*Task details:*
Only one span of the listing below is wanted: the lines from the one with "Sterling Silver Double" through the one with "The Mamba necklace", reproduced exactly, both ends kept.

*Given records:*
===============

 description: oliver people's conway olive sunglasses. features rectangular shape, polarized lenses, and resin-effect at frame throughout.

===============

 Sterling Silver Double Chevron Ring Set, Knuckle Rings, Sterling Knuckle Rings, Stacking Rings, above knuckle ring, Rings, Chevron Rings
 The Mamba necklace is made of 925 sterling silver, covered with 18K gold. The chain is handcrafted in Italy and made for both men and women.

===============

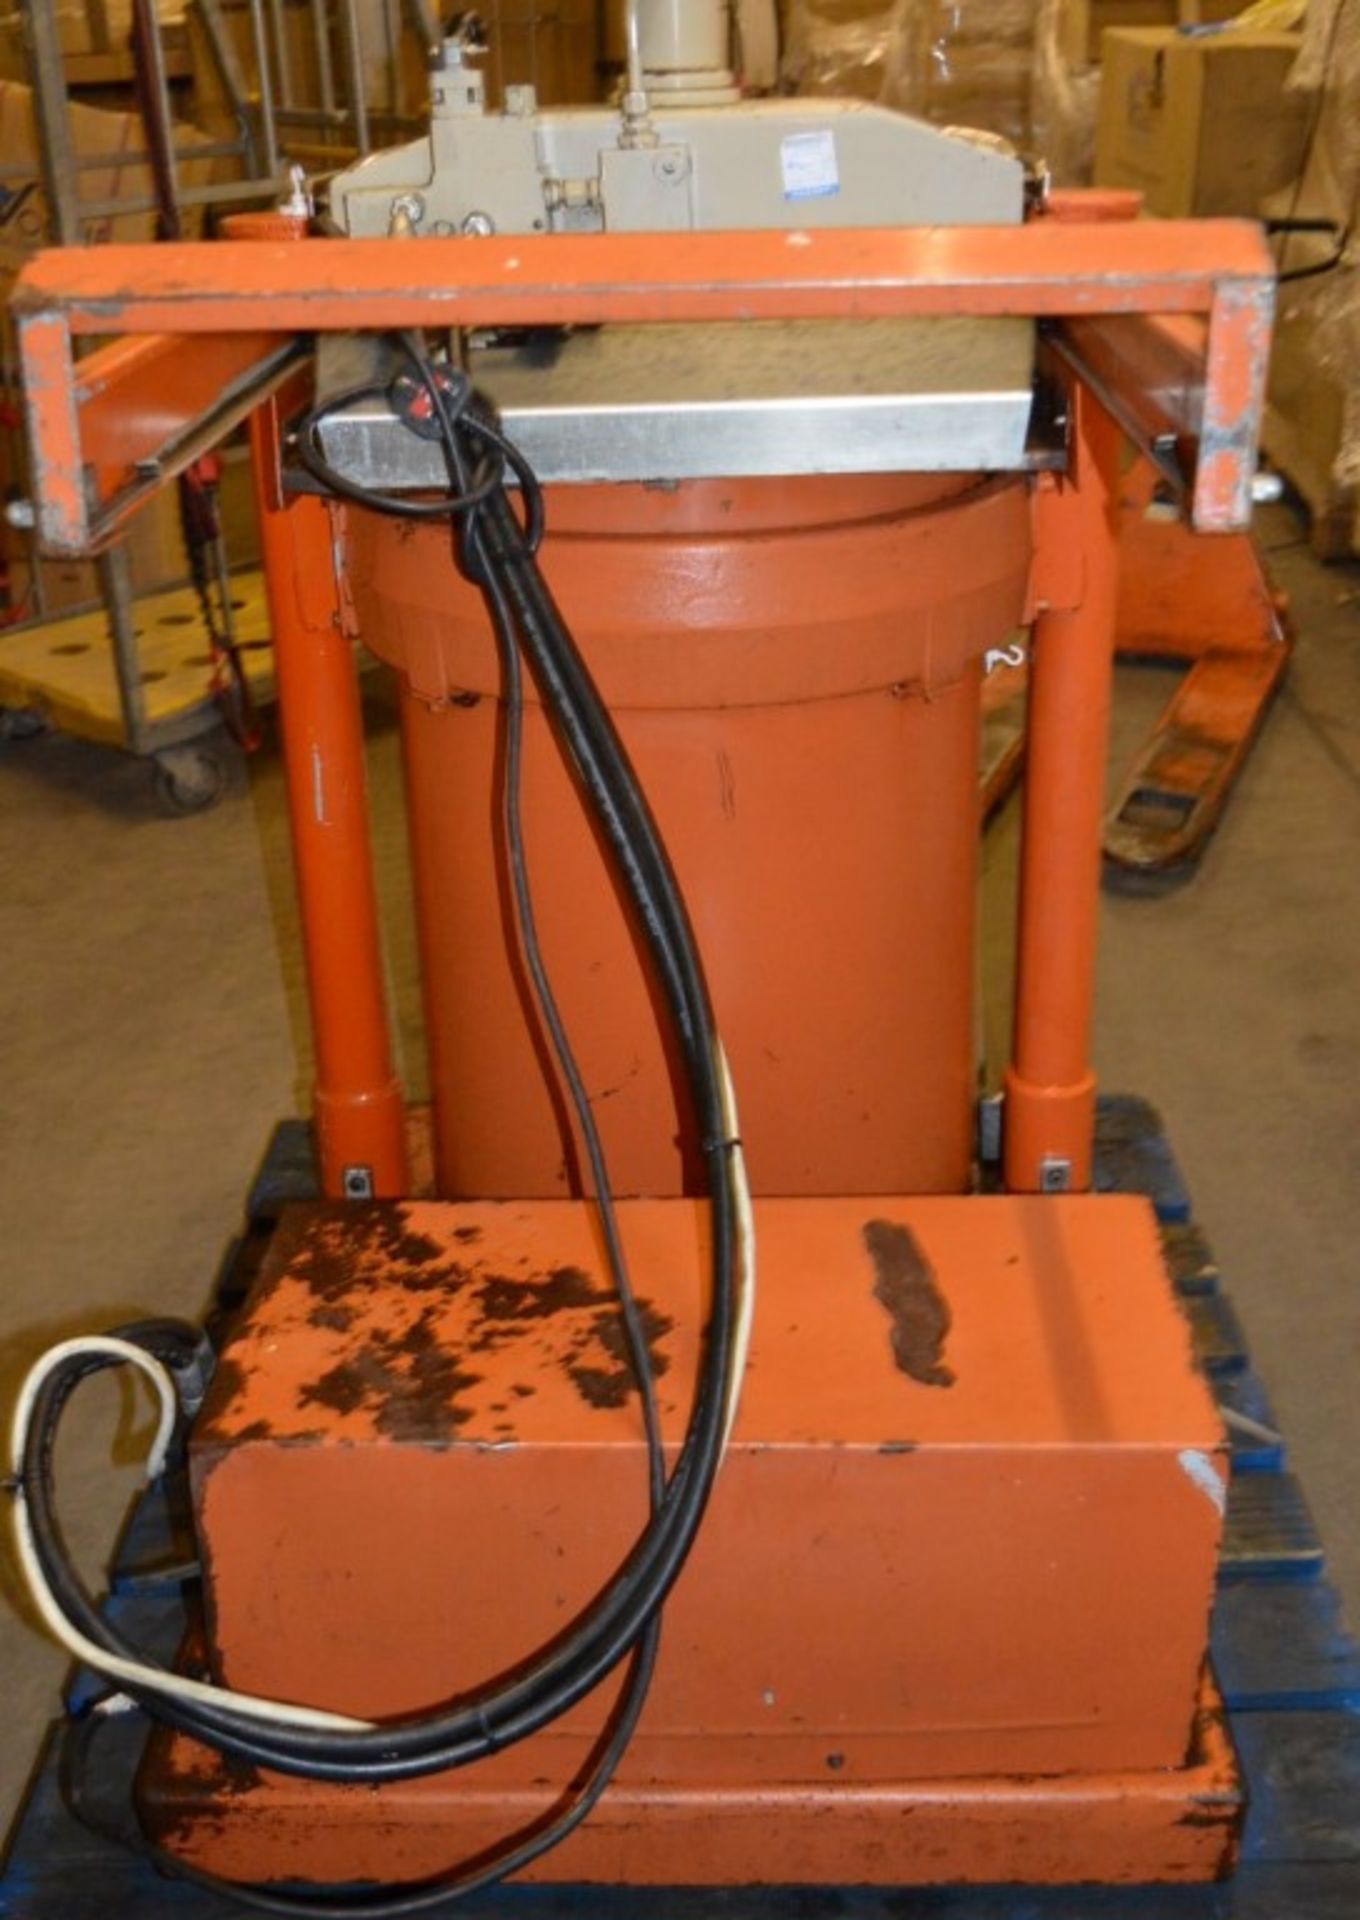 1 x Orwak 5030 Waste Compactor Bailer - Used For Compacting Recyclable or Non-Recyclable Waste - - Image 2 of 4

===============

*Exercise response:*
 Sterling Silver Double Chevron Ring Set, Knuckle Rings, Sterling Knuckle Rings, Stacking Rings, above knuckle ring, Rings, Chevron Rings
 The Mamba necklace is made of 925 sterling silver, covered with 18K gold. The chain is handcrafted in Italy and made for both men and women.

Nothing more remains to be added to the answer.